Covid aşısına dair efsaneler ve gerçekler

mRNA aşıları DNA’yı bozuyor mu? Aşı kısırlığa mı neden oluyor? Aşı aceleye mi getirildi? Hastalığı geçirmek daha mı fazla koruyor? DW teyit ekibi, Covid-19 aşıları ile ilgili iddiaların doğru olup olmadığını araştırdı.

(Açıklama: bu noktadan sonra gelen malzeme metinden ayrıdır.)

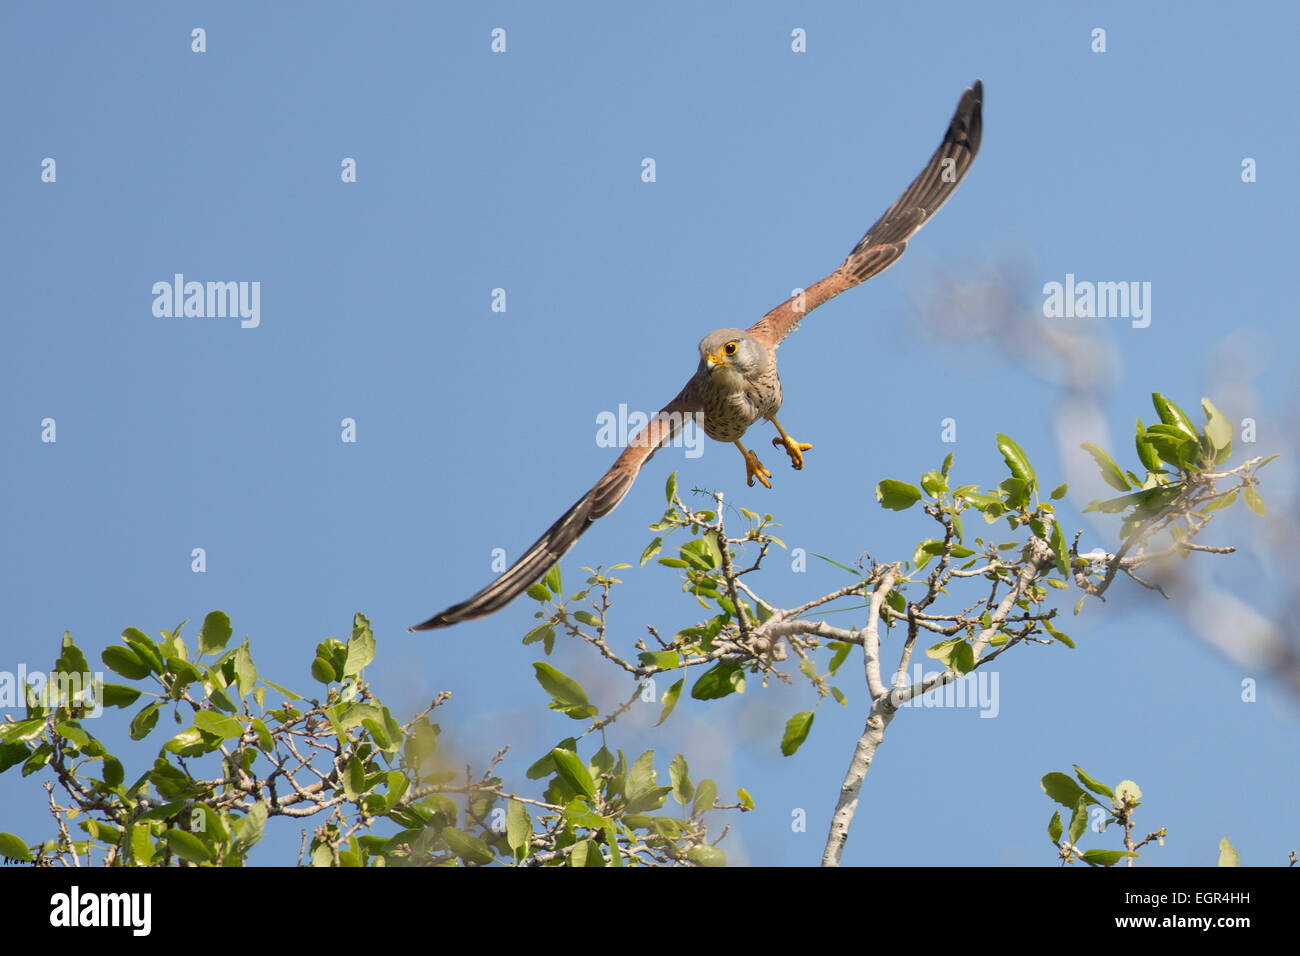 Faucon crécerelle (Falco tinnunculus) en vol. Cet oiseau de proie est un membre de la famille falcon (Falconidae). Il est répandu Banque D'Images

mRNA aşıları insan DNA’sını bozuyor mu?

Bu iddia doğru değil. RNA aşıları, SARS-CoV-2 virüsünün yalnızca bir elementini, yani virüslerle savaşan başak proteinleri üretme planı içeren mesajcı RNA’yı insan vücuduna enjekte eder. İnsan bağışıklık sistemi aşıyla harekete geçerek patojene karşı antikorlar oluşturur. Ancak hiçbir insan veya virüs RNA’sı hücre çekirdeğine giremez. Bu da genetik materyalimizle, yani DNA’mızla temas etmediği anlamına gelir. Hücreler, amacına hizmet ettikten sonra RNA’yı parçalar.

Aşılar kadınlarda kısırlığa mı neden oluyor?

Bu iddia da doğru değil. Almanya’daki Jena Üniversitesi’nin Plasenta Laboratuvarı’ndan Udo Markert, DW’ye “Genel olarak bakacak olursak, bu teorinin doğru olamayacağına dair çok sayıda neden var” yorumunu yaptı. İlk nedenin, her iki proteinin de çok az ortak noktası olması olduğunu söyleyen Markert’e göre iki protein sadece yüzde 0,75 özdeş.. Geçmişte de multipl skleroza hastalığına (MS) karşı geliştirilen bir ilaç, bu potansiyel tehlike için incelendi. Söz konusu proteinin, Syncytin-1 ile yüzde 81 benzerlik taşıdığı bulundu. Bu yakın benzerliğe rağmen, kayda değer bir yan etki görülmedi.

Aşı üretimi aceleye mi getirildi?

Aşıların geliştirilmesi ve onaylanmasını sağlamanın genelde 10 ila 15 yıl, bazen daha da uzun sürdüğü biliniyor; ancak ilk SARS-CoV-2 aşılarının geliştirilip onaylanması bir yıldan az sürdü. Bu nedenle, bazı insanların bu hızından rahatsız duyması ve kuşkulanması anlaşılabilir bir durum. Ancak bu iddia yanıltıcı. Araştırmacılar, zaten SARS ve MERS (2012) patojenleri üzerine yapıplan çalışmalardan, koronavirüsler hakkında çok şey biliyorlardı. Aşılar da bu bağlamlarda geliştirildi. İkinci bir neden de dünya çapında SARS-CoV-2 aşılarının geliştirilmesine büyük miktarda para yatırılmış olması. Bu durum, araştırmacılara bu görevi üstlenmeleri ve normalden çok daha fazla test yapmaları için bol miktarda kaynak ve personel sağlanmasına yardımcı oldu.

Hastalığı geçirmek aşıdan daha mı fazla koruyor?

Alman kamu yayın kuruluşu NDR’ye konuşan Charite Hastanesi’nden virolog Prof. Dr. Christian Drosten, “aşıların enfeksiyona karşı daha uzun vadeli koruma sağlayabileceğini” belirtti. Drosten, araştırmalarda, aşıların daha kalıcı ve daha yüksek miktarda antikor üretimine yol açtığınının gözlendiğini aktardı. Förster de benzer görüşte. “Esasen, önemli olan üretilen antikorların miktarı ve kalitesi” diyen Förster’e göre, antikor gelişiminde, antikorların proteinlere bağlanma ve böylece enfeksiyonları önleme eğilimleri önemli.